Gender socialisation refers to the ways in which we are taught what is thought to be gender appropriate norms. Gender policing refers to ways in which gender deviants are brought back into line through the devaluation of actions and attitudes which do not adhere or conform to what we consider to be “gender appropriate”.
It may seem harmless at first. You dress your newborn daughter in pink booties and jumpsuit and then you graduate to a pink tutu at her first ballet lesson. Then, she comes home from school and when asked what her favourite colour is, she remarks “Pink of course!! That’s a girl’s colour”. While innocent, the encouragement of gender appropriate colours (as well as activities) does not allow children to make their own decisions in regards to their likes and dislikes. Instead, their decisions are sculpted by social expectations regarding gender.

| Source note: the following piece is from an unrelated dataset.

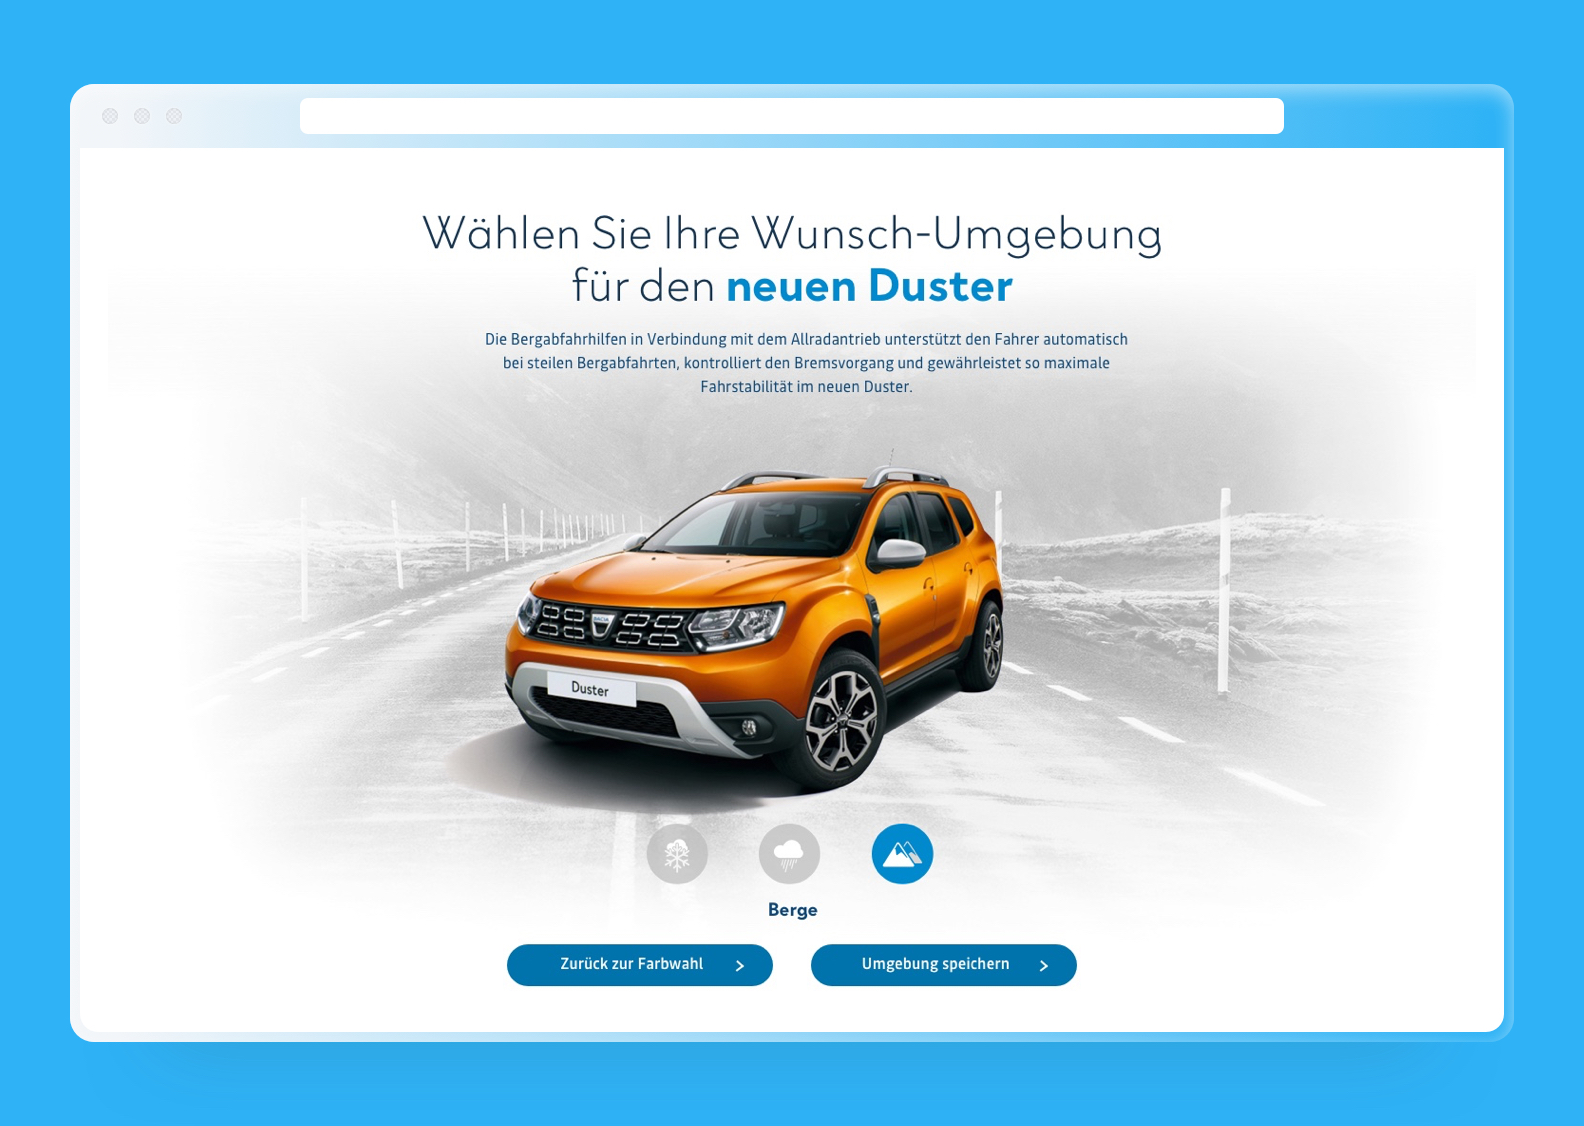 Dacia_Environments.jpg

“All men are ‘real men’, whether they wear KingGees or a pink tutu.” -Miya Yamanouchi

Now, you might be thinking, “Why is this a big deal? It’s just a colour”. But it’s not just about colour, it’s an attitude. How many young boys are told that “real men don’t cry/like pink/play with dolls” or that “real men love pretty girls?”  This can cause damage to boys who think they are “not a real man” because of their likes and inclinations go against these stereotypes. Sociologists agree that children learn gender from being subjected to society’s expectations. These expectations continue through adolescence and into adulthood and even marriage.  Sex Roles, an interdisciplinary behavioural science journal which offers a feminist perspective, suggests that kids whose parents over-correct “gender atypical behaviours” (GAB) are at greater risk of developing adverse adult psychiatric symptoms. Feminist writer Habladora claims that “it isn’t being different that puts kids at risk, it’s being punished for being different”.

Even the stars are not immune to public scrutiny, with rapper Kanye West and wife Kim Kardashian regularly dressing their daughter North in clothes and colours considered not to be gender specific. While a topic of discussion for many social commentators (and keyboard warriors), North appears to be a happily developing child with interests in both male and female dominated activities.


The most important thing to do with your child is let them be themselves. It’s hard not to always dress your young daughter in pink or your young son in blue, but encouraging gender neutral colours such as greens, reds and yellows can be an effective way to achieve this.


You must also be aware that any deviations from the traditional norm can tend to make people uncomfortable. However gender roles are socially constructed (as opposed to naturally innate), and making someone uncomfortable can be worth it for the chance for a child to be who they truly are.

By: Cassie Blackeby. Reprinted with permission from My Counselling Service Australia.